Back roads and celestial highways
/C’mon now child, we’re gonna go for a ride
Car wheels on a gravel road.
Lucinda Williams
One of my favourite sounds is that first crunch of dirt when you move from pavement to a country road.
Dirt roads take you to places where you’re bound to find silence and trees, lakes dotted by pickerel weed, the ghostly path of the Milky Way.
Nova Scotia has some great dirt roads. They may be paved by now but I remember watching the dust trails behind the car as we drove to our cabin near Gillis Lake in Cape Breton. In my mind, a drive in the car was synonymous with a stop at one store or another. So my Gillis Lake memories are flavoured by the taste of lime rickey and potato chips. (Total cost: 25 cents).
Back road rambling
When we moved from Cape Breton to the mainland, I was introduced to the hilly north-south roads of the Annapolis Valley. Most of them are paved but there are still a lot of good old gravel roads that take you from the lowlands to the Fundy shore.
Then there are the former logging roads that criss-cross the wilderness of Kejimkujik National Park.
(Let me pause here to express my bitterness that I won’t be able to traverse those Keji roads once the snow flies, thanks to federal budget cuts. There will be no services and no access through the park's main entrance road , effectively turning Keji into a summer only recreation area. And yes, I've let my political representatives know exactly how I feel about that.)
I don't know of any place that rivals P.E.I. when it comes to non-paved vehicular transit. If you want to move from Point A to Point B on the island, it's hard to avoid those wonderful red-dirt roads.
During a visit this summer, we put our GPS to use and found ourselves passing houses that, until the advent of this handy satellite technology, likely didn't see too much traffic going by.
Galactic highway
But back to that ghostly path that spans the October sky. There’s dust in the galactic road of the Milky Way, and there’s a lot of gas as well. Throw in the interaction of gamma rays and you get that eerie glow that gives our galaxy its name.
Under “black” skies, the light of the Milky Way can be so luminous that it casts shadows, which must be a thoroughly surreal experience. But if you're observing any distance from city lights, you’ll notice a path of darker areas that splits the bright starry path. Called the Great Rift, this ribbon of darkness is made up of dust created during the star formation process.
Besides light pollution, moonlight is the bane of Milky Way pilgrims. It’s best viewed during the thin crescent and new moon phases.
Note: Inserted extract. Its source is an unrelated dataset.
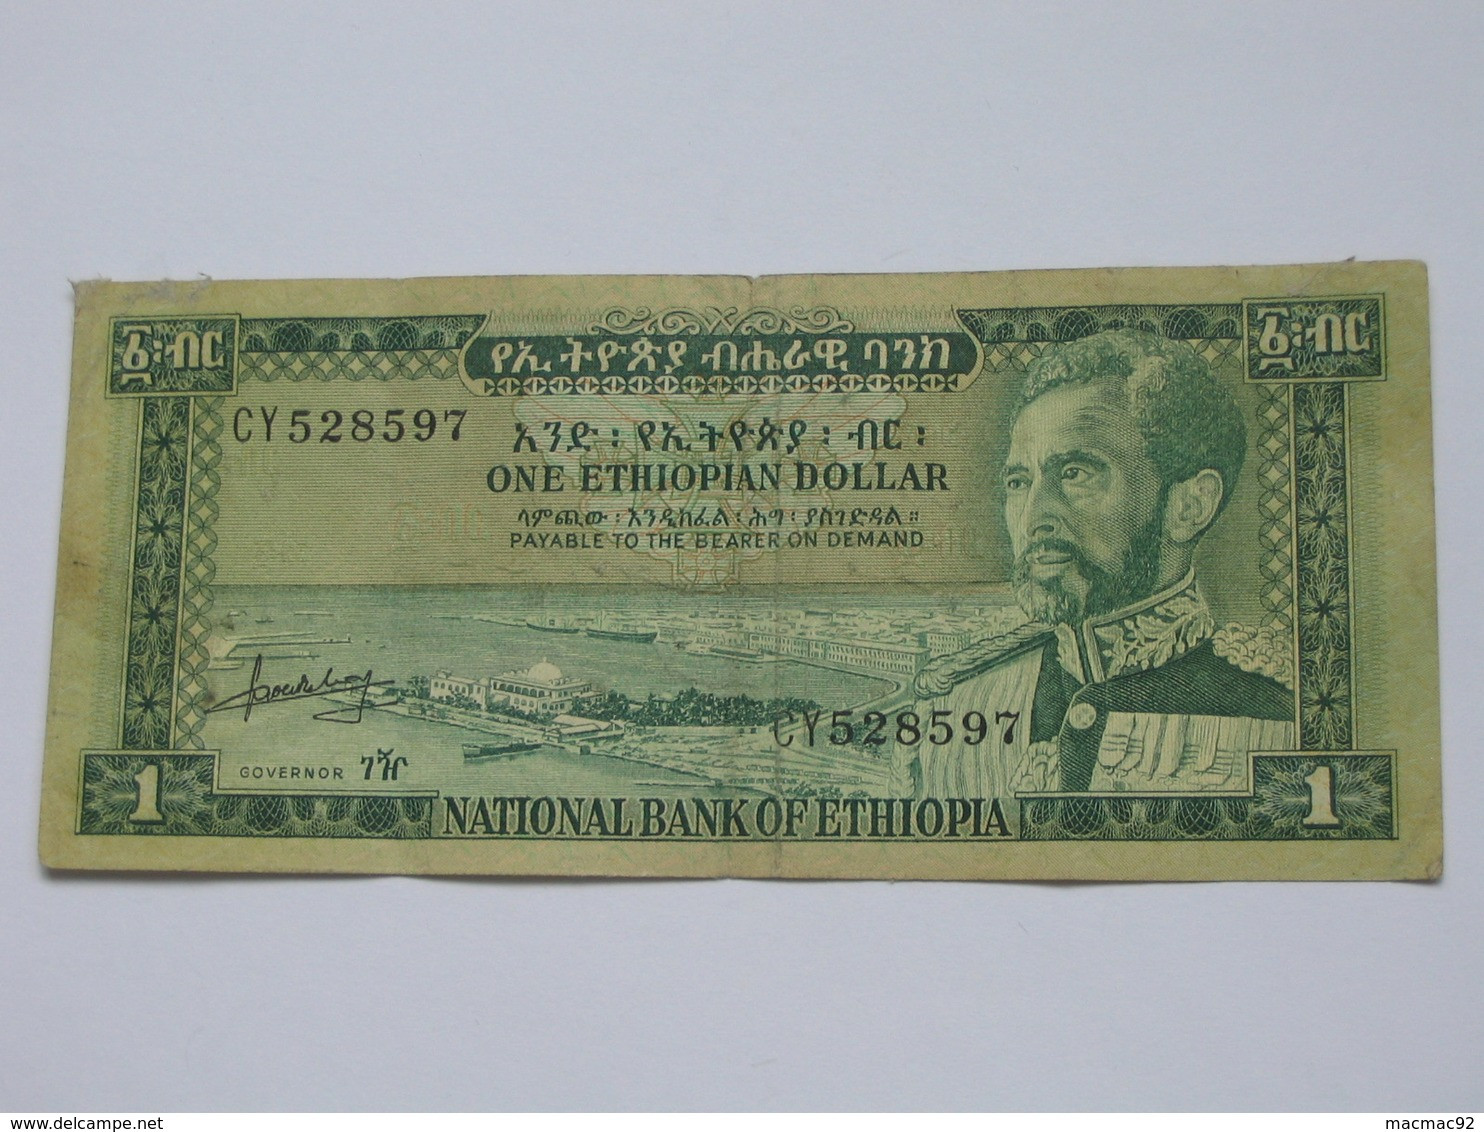 1 One Ethiopian Dollar 1966 - National Bank Of Ethiopia    **** EN  ACHAT IMMEDIAT  **** - Ethiopie

It’s a great time of year to enjoy this celestial spectacle in the evening hours, when the Milky Way arcs overhead from Sagittarius low in the southeast and northwest to Cassiopeia.
Roadside attractions
In late October, in or around Oct. 21, we have the added bonus of meteors streaking across the galactic vista during the peak of the Orionid shower.
The Orionids usually don’t escalate into the meteor storms sometimes associated with showers such showers as the Leonid or Perseids.
But the average of 50 to 70 meteors per hour and the bearable night temperatures of late October is well worth putting off your bedtime.
Time to rub our eyes, pack up the trunk and clean the dust off the windshield. Our road trip ends in the bleary hours of the October dawn, when the brilliant beacon of the winter star Sirius has crested the southern horizon.